Michael Brodie has been chief executive officer since summer 2019. He had been finance director at the NHSBSA before taking a similar role at Public Health England on its formation in 2013.

== Controversies==
- Uniplex (UK) Ltd. was unsuccessful in a public procurement tender undertaken by NHS Business Services Authority. Their appeal against the authority's decision was initially ruled as out-of-time because it did not comply with the "promptly" aspect of the provision in the UK's Public Contracts Regulations obliging an unsuccessful tenderer to submit a challenge to the contracting authority's decision "promptly, and in any event within three months". In the European Court of Justice, case C-406/08, the court concluded that the UK's national provision was contrary to EU law because this form of wording prevented claimants from knowing the exact time limit which would apply. Legal practice in the UK was changed as a result.
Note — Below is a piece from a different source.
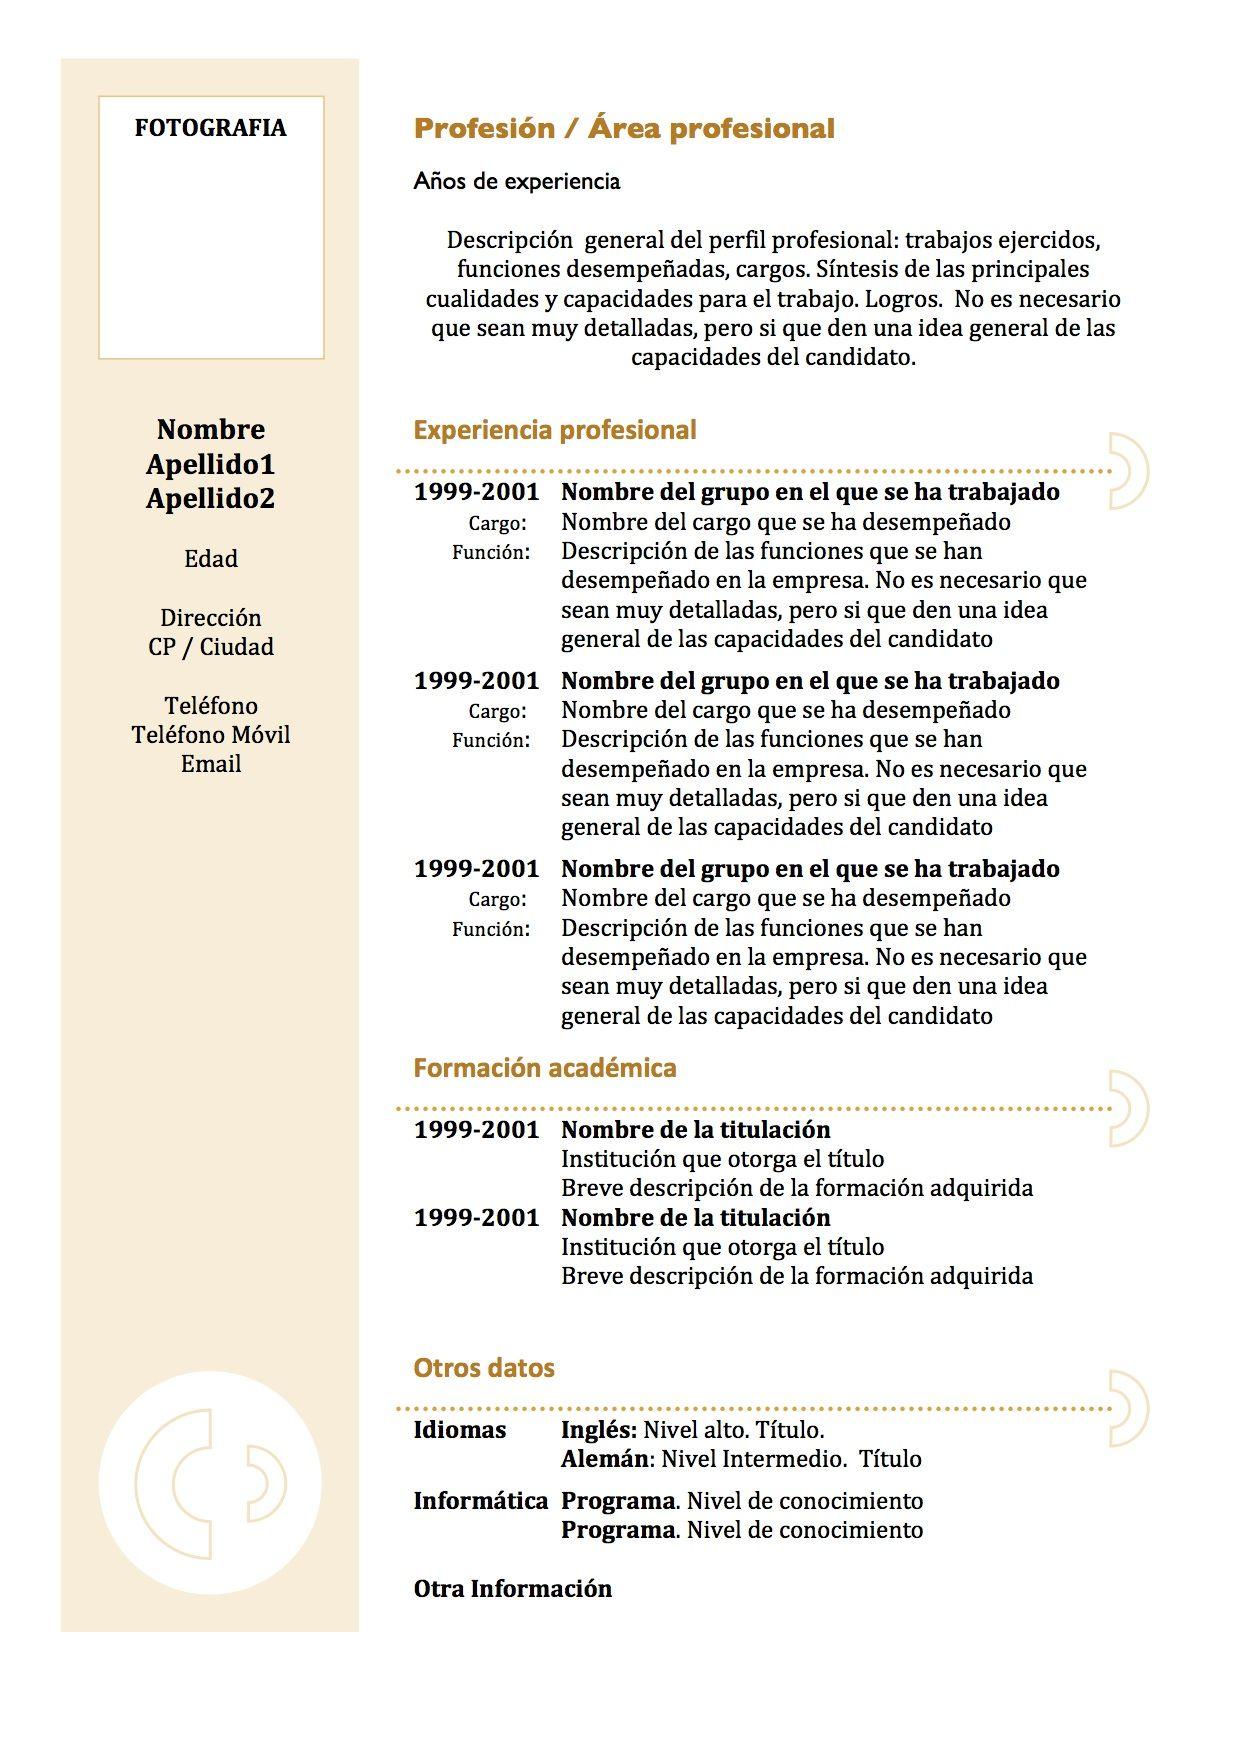 Pin de Fede Montenegro en cv funcional | Pinterest | Currículum ...

- Between September and December 2014, 18,000 penalty charge notices were issued to patients who had declared they were exempt from paying the prescription charge by ticking the back of the prescription to say they held a valid medical exemption certificate, when in fact they did not hold one. A campaign against the penalty charge notices was led by Diabetes UK, which argued that the need for the exemption certificates had not been properly communicated to people with diabetes. It said many people had claimed free prescriptions without any problems since they were first diagnosed, without having a certificate, until the NHSBSA's new, more efficient checking systems uncovered the problem. Following the campaign the health minister, Dr Dan Poulter, asked the NHSBSA to cancel or refund the charges until patients could obtain a medical exemption certificate.